◆ Supplied data:

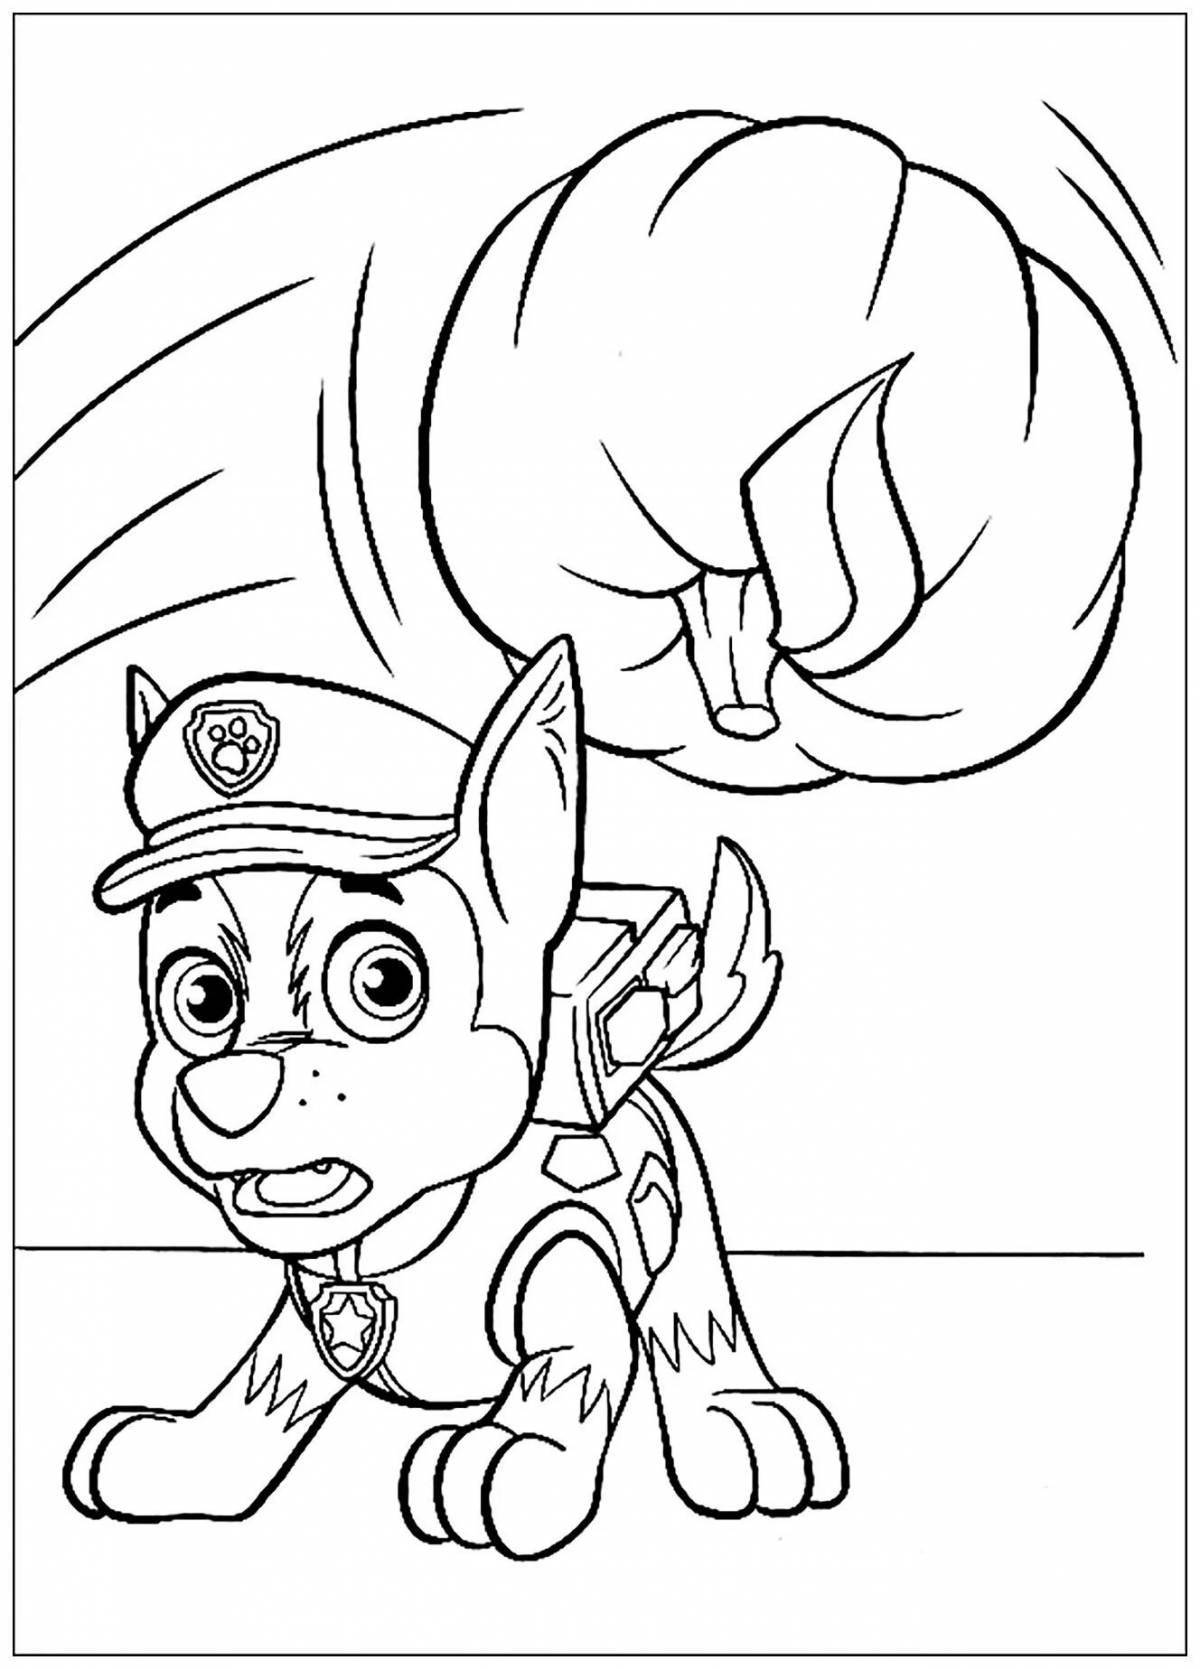 Charming puppy racer coloring book
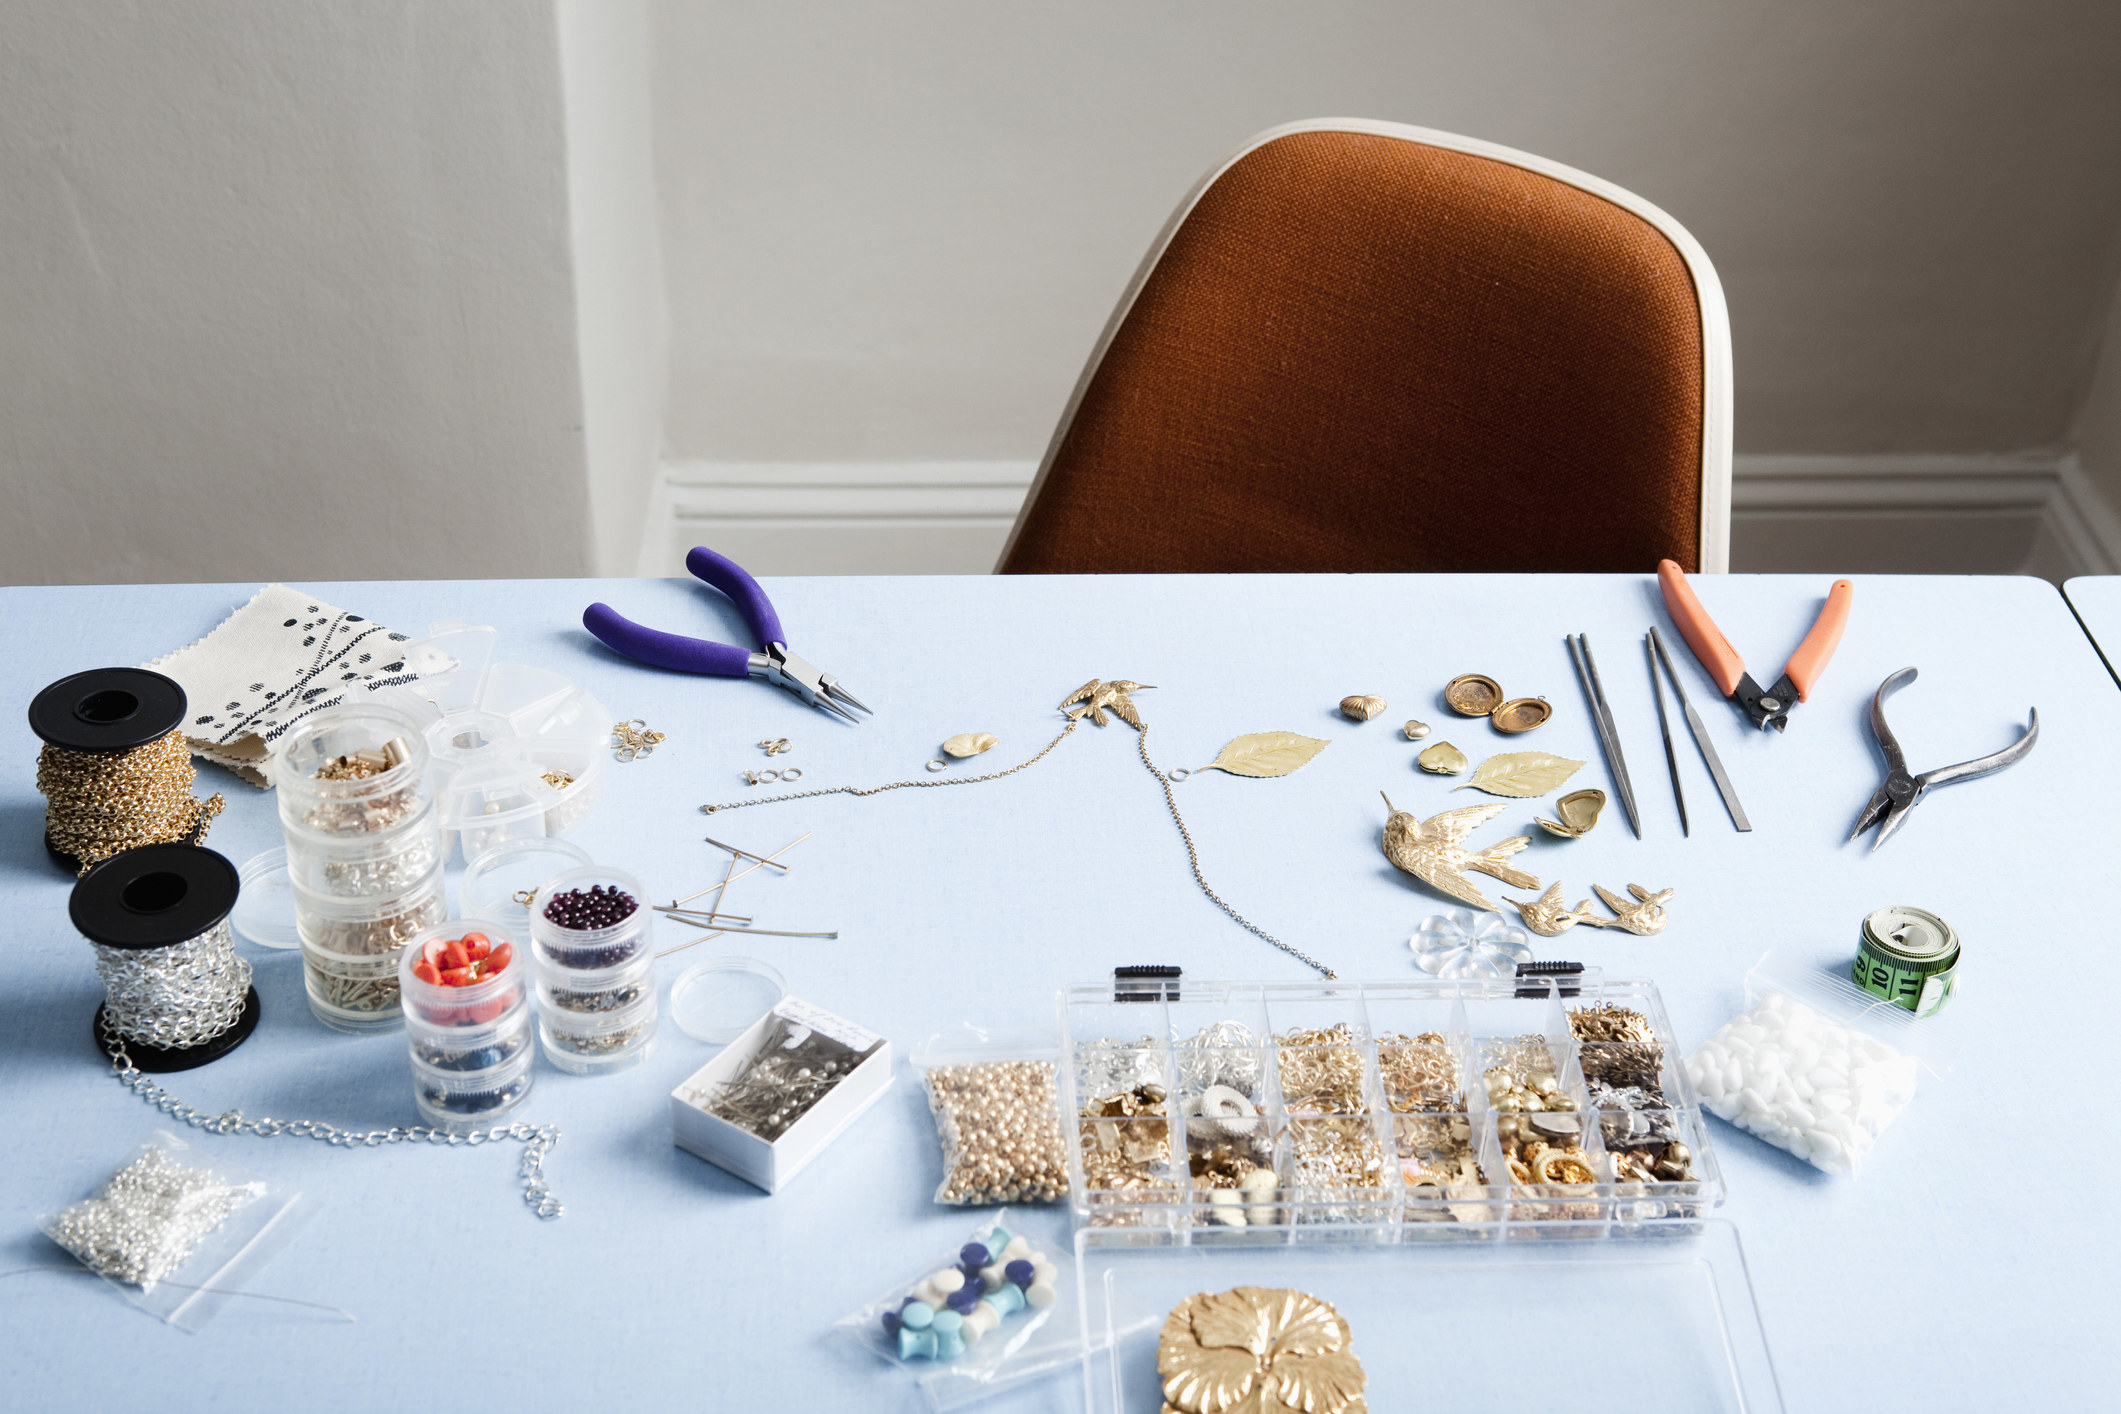 A table filled with materials to make jewelry
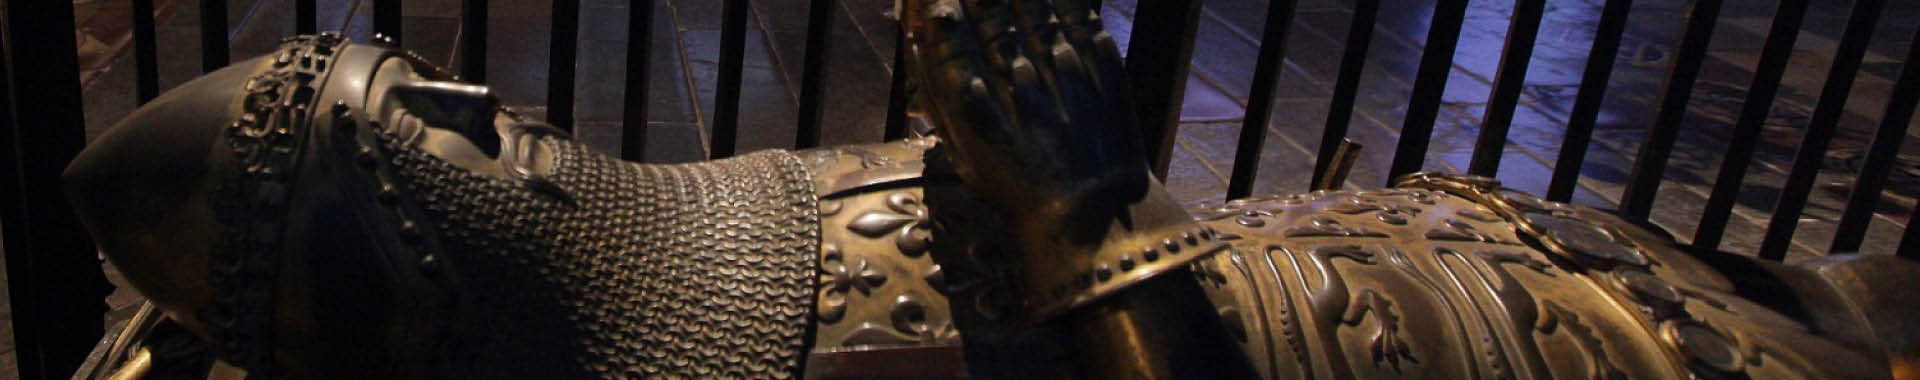 Image of the Black Prince in Canterbury Cathedral

◆ Problem to solve: Copy all of the data word for word, and keep the pictures out of it.

◆ Expected answer:
 Charming puppy racer coloring book
 A table filled with materials to make jewelry
 Image of the Black Prince in Canterbury Cathedral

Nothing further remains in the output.